Когда малая стрелка массивных часов указала на цифру 8, он все еще сидел за инструментом, продолжая вновь и вновь касаться пальцами холодных клавиш. Все его усилия были напрасны. Как бы он ни старался, все было впустую. Пространство кабинета заполнила целая гамма мелодий, упорно не желавших связываться в единое и гармоничное произведение. Осознав наконец полнейшую тщетность своих усилий, он в отчаянии хлопнул крышкой инструмента так, что звук был слышен даже на другом конце дома.

«Наверное, это мой лучший звук, за сегодняшнее утро», горько усмехнулся он.
Встав из – за уже ставшего ненавистным инструмента, он подошел к столу, стоявшему в другом конце кабинета. На столе стоял графин с вином и несколько бокалов. Налив себе вина в один из них, он взял бокал в руки и начал неспешно прохаживаться по кабинету. Несколько минут спустя, он подошел к шкафу, в котором хранил свои партитуры и чистые нотные листы. Взяв стопку партитур, он подошел к столу и положил их на поверхность, отодвинув перед этим графин и бокалы. Перелистав несколько страниц, он остановился на той, на которой был запечатлен один из недавно сочиненных отрывков. Он ему не нравился, но тем не менее, музыкант оставил его, надеясь, что сможет превратить этот набор бессвязных нот во что – нибудь стоящее. Он взял лист в руки и стал внимательно вглядываться в него. Для человека, незнакомого с музыкой, подобная запись была бы просто набором каких - то палочек и точек.

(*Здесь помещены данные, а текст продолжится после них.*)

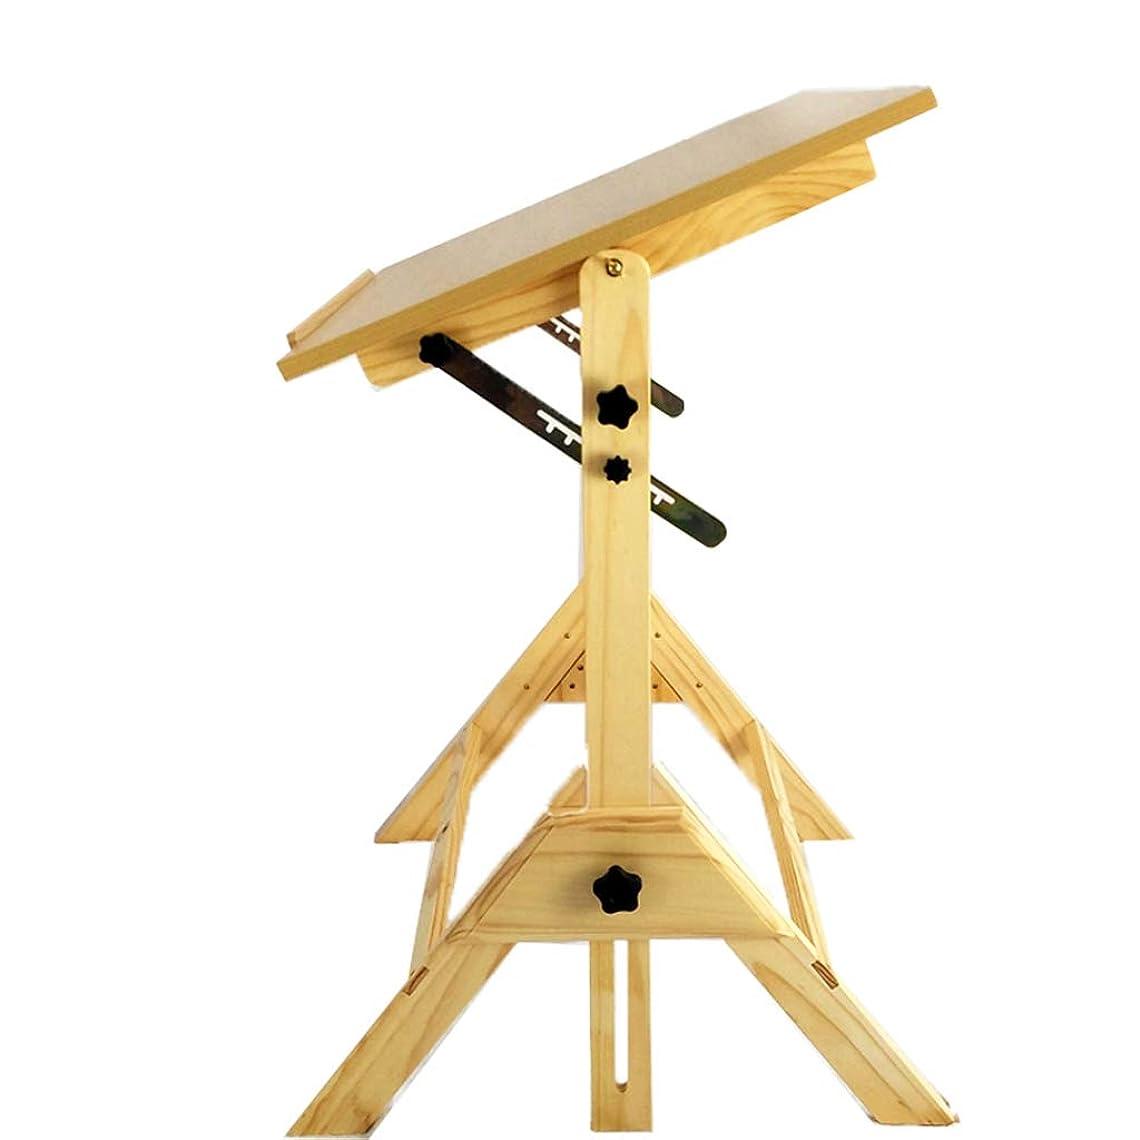 飢饉札入れ等しいDjyyh 木製イーゼル広告スケッチディスプレイスタンド描画テーブルペイントボードスケッチリフト学生イーゼル

Он вглядывался в партитуру до тех пор пока ноты не стали сливаться в один причудливый символ размером в целую страницу. Утомленный, он положил лист на стол, добавил к нему остальные и положил все на место. День начинался не самым лучшим образом. Он снова ничего и не сочинил.

Решив более не подвергать себя творческим мукам, по крайней мере в это утро, он вернулся в спальню, чтобы переодеться, а затем сказать прислуге, чтобы подавали завтрак.

Тот, о ком мы рассказываем, был одним из знаменитейших лондонских композиторов 19 века. Его имя было Уильям Холл. Он родился в семье продавца музыкальных инструментов и будучи окруженным музыкальными инструментами еще в самом детстве открыл для себя таинственный мир музыки. Мальчик часами просиживал в лавке отца, штудируя ноты и буквально вгрызаясь в учебники по музыкальной теории. Затем в возрасте 8 лет он стал брать уроки игры на фортепиано и уже год спустя играл в церкви на органе. Так началась его музыкальная карьера.

Благодаря своему таланту и упорству к 38 годам Уильям Холл достиг очень многого . Он написал несколько симфоний и концертов для фортепиано, которыми восхищалась вся Англия. Даже сама королева отметила недюжинный талант музыканта. Получив признание, а вместе с ним и приличное состояние, Уильям поселился в центре Лондона в большом особняке, в котором помимо него жила прислуга. Жениться он не хотел, потому что считал, что женщины не вдохновляют, а лишь отвлекают от творчества и никто из его окружения так и не смог убедить музыканта в обратном.

Он не испытывал проблем с сочинением музыки. Стоило ему только сесть за свой инструмент как пальцы сами собой начинали извлекать волшебные мелодии, сливающиеся в нежные гармонии, из которых получались бессмертные произведения. Холл считал, что его вдохновение останется с ним навечно и что он напишет еще сотни таких произведений. Но, как говорится, ничто не вечно. За несколько дней до описываемой нами истории музыкант впервые встретился с тем что художники обычно именуют творческим кризисом. И эта встреча ему явно не понравилась. Музыка впервые перестала литься словно стремительный горный поток. Уже не было головокружительной эйфории, пробуждаемой красотой собственного произведения, а тело не бросало в сильнейшую дрожь от едва сдерживаемого вдохновения. Но музыкант лишь решил, что это скоро пройдет. Но он сильно ошибался. Теперь ему пришлось буквально выдавливать из себя каждую ноту. И тогда он потерял покой, впал в отчаяние и был твердо убежден в том, что только новое блистательное произведение сможет принести ему успокоение. Но кроме бессвязных отрывков ничего больше не получалось. Это его угнетало.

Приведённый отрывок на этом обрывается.